I knew right away though, that she could see the pain it had caused me to get about half a foot from the chair into the bed. I could feel my cheeks glowing red, my arms aching from putting all my weight on them, but I didn’t like to think about the pain, much less to talk about it. Mam helped me with the last of the covers as I put my head on the pillow. She put a small glass of water and a biscuit on the bedside table.

“My bedroom’s right above yur,” she said softly, “so if you get into trouble you give me a shout.”

“Thank you,” I answered, stifling a yawn.

“You get a good rest love,” she continued, “I had a telephone call tonight. They’re sending a car for you tomorrow to go and meet your new doctor.”

The news was not the kind that encouraged a good night’s sleep. I thanked Mam politely and she put out the light, closing my door with a gentle hand. But when she had gone I shuffled my aching legs restlessly and rubbed my upper arms where they had taken on the strain. I didn’t relish the idea of being prodded and poked by a new physician, it was bad enough being examined once a month by Doctor Baxendale in London and I’d known him since I was twelve when all the pain began. I wondered idly what the new doctor might be like, but the more I wondered, the more I worried, and I decided instead that my mind needed a different occupation tonight.

Aside from Leighton and my mother, I had never been able to use my secret gift to intentionally enter anyone else’s head. I had always supposed it was familiarity that allowed me such easy access into their minds, but I also knew that my psychic ability sometimes had a farther reach. Most especially when I was sleeping, in fact. It had started to happen when I was around eight or nine, but of course for a long time I thought they were dreams. Dreams where I was in someone else’s head, looking through their eyes, hearing them speak and feeling their innermost emotions like they were my own.
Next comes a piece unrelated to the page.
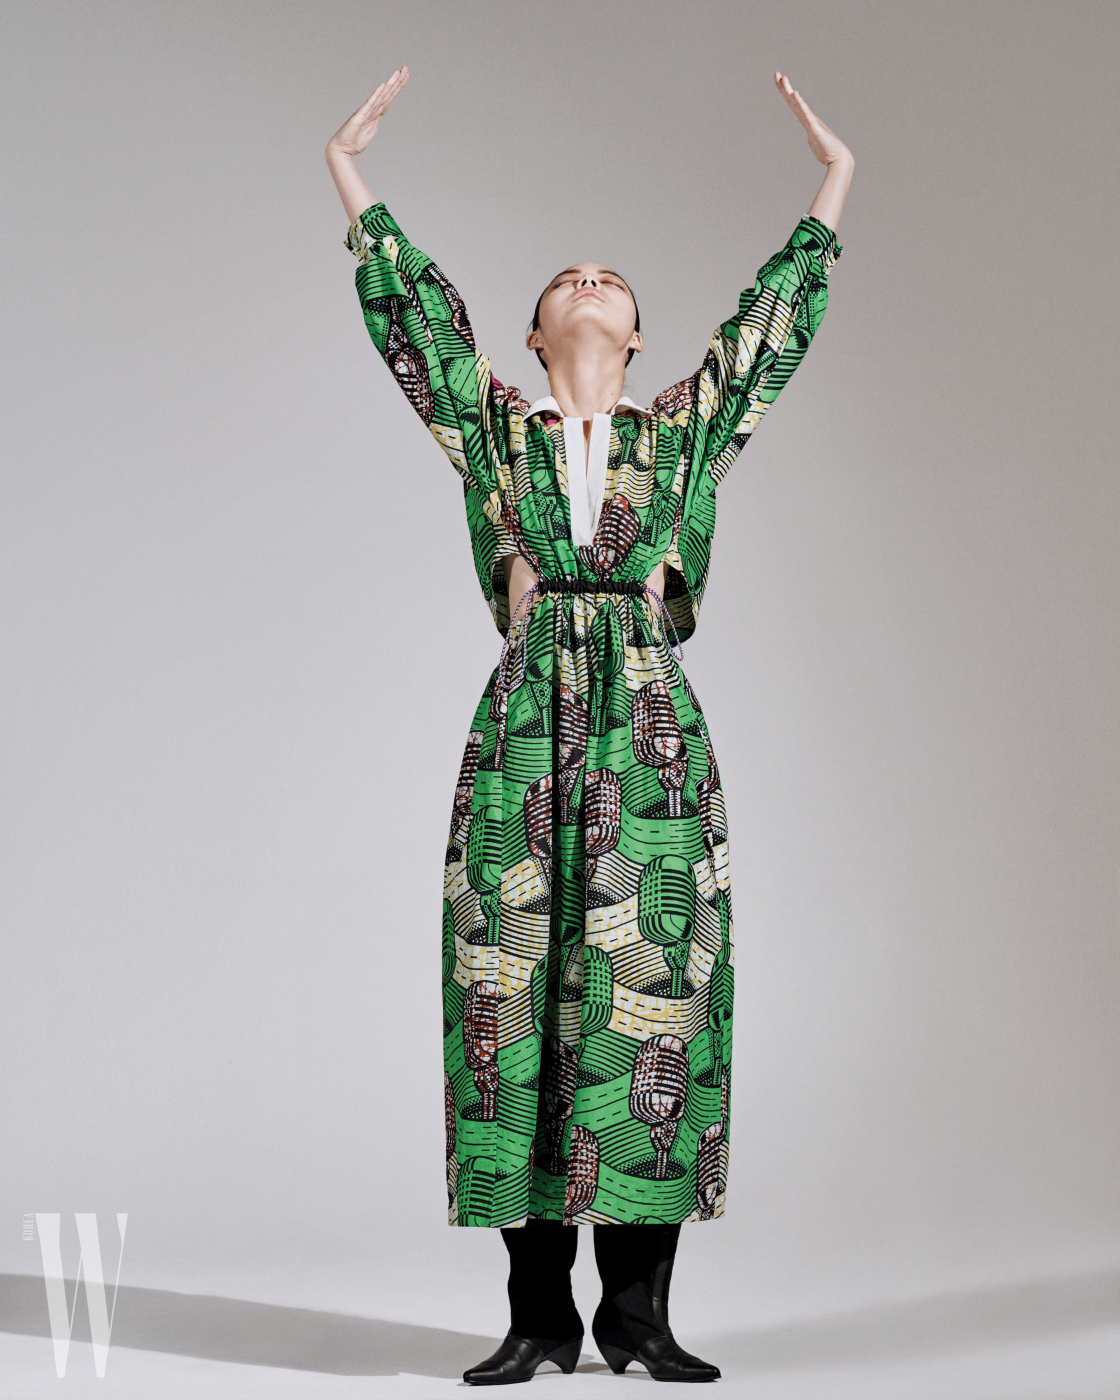 마이크 프린트의 초록색 드레스와 검정 부츠는 스텔라 매카트니 제품. 가격 미정.

Now as I lay in my new bed of my new home, I closed my eyes, hoping that something interesting would come my way as I surrendered my mind to slumber.

***

Generally I didn’t like looking through the eyes of men, and I knew this one was a man as soon as I saw the huge black boots crossed on the desk in front of me. He was clipping the end off of a cigar with two great hairy hands that looked rather old in a pale blue room with expensive-looking paintings on every wall. He lit the cigar and I felt the wave of satisfaction he got from the first long inhale he took. I was grateful at least that my powers did not extend to having to smell the smoke from the beastly thing, and I hoped that they never would.
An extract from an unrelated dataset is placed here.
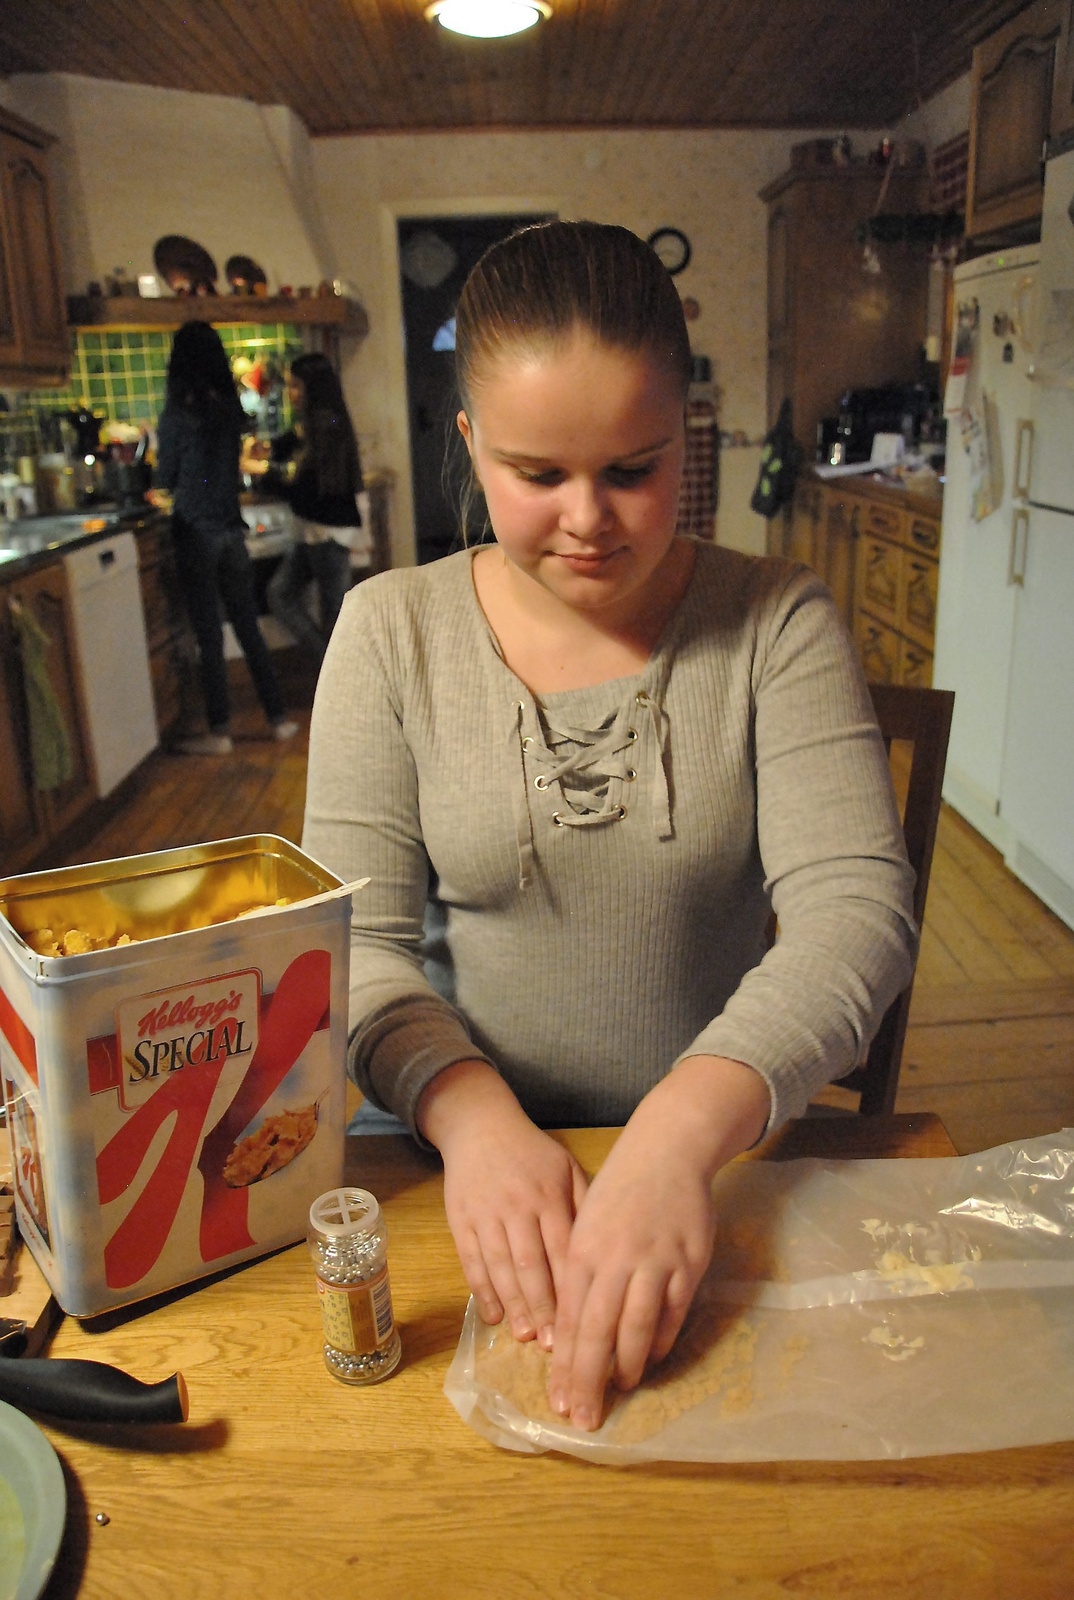 Ida Tennevi tipsar om att man kan spara påsen i cornflakespaketet, så blir det lättare att krossa cornflakes. Dessa påsar är inte lika ömtåliga som vanliga plastpåsar.
Foto: Marie Strömberg Andersson

The smoking man wasn’t alone in his room for long. He turned my viewpoint to a set of doors painted in blue and gold as another man entered the room. My man leapt out of his seat so fast I felt sick from the transition; he was standing upright and saying something to the new chap in a language that I didn’t understand. I saw the new arrival properly then, in his grey-green suit and trousers. No, not a suit. A uniform. His collar had two red rectangles sticking out under his fat chin, each covered in golden leaf patterns. A row of coloured medals adorned the man’s chest and his hat bore the symbol of a bird of prey in flight, with a u-shaped golden laurel thing and what looked like a target in the middle. And under the bird of prey was a symbol I knew. A swastika.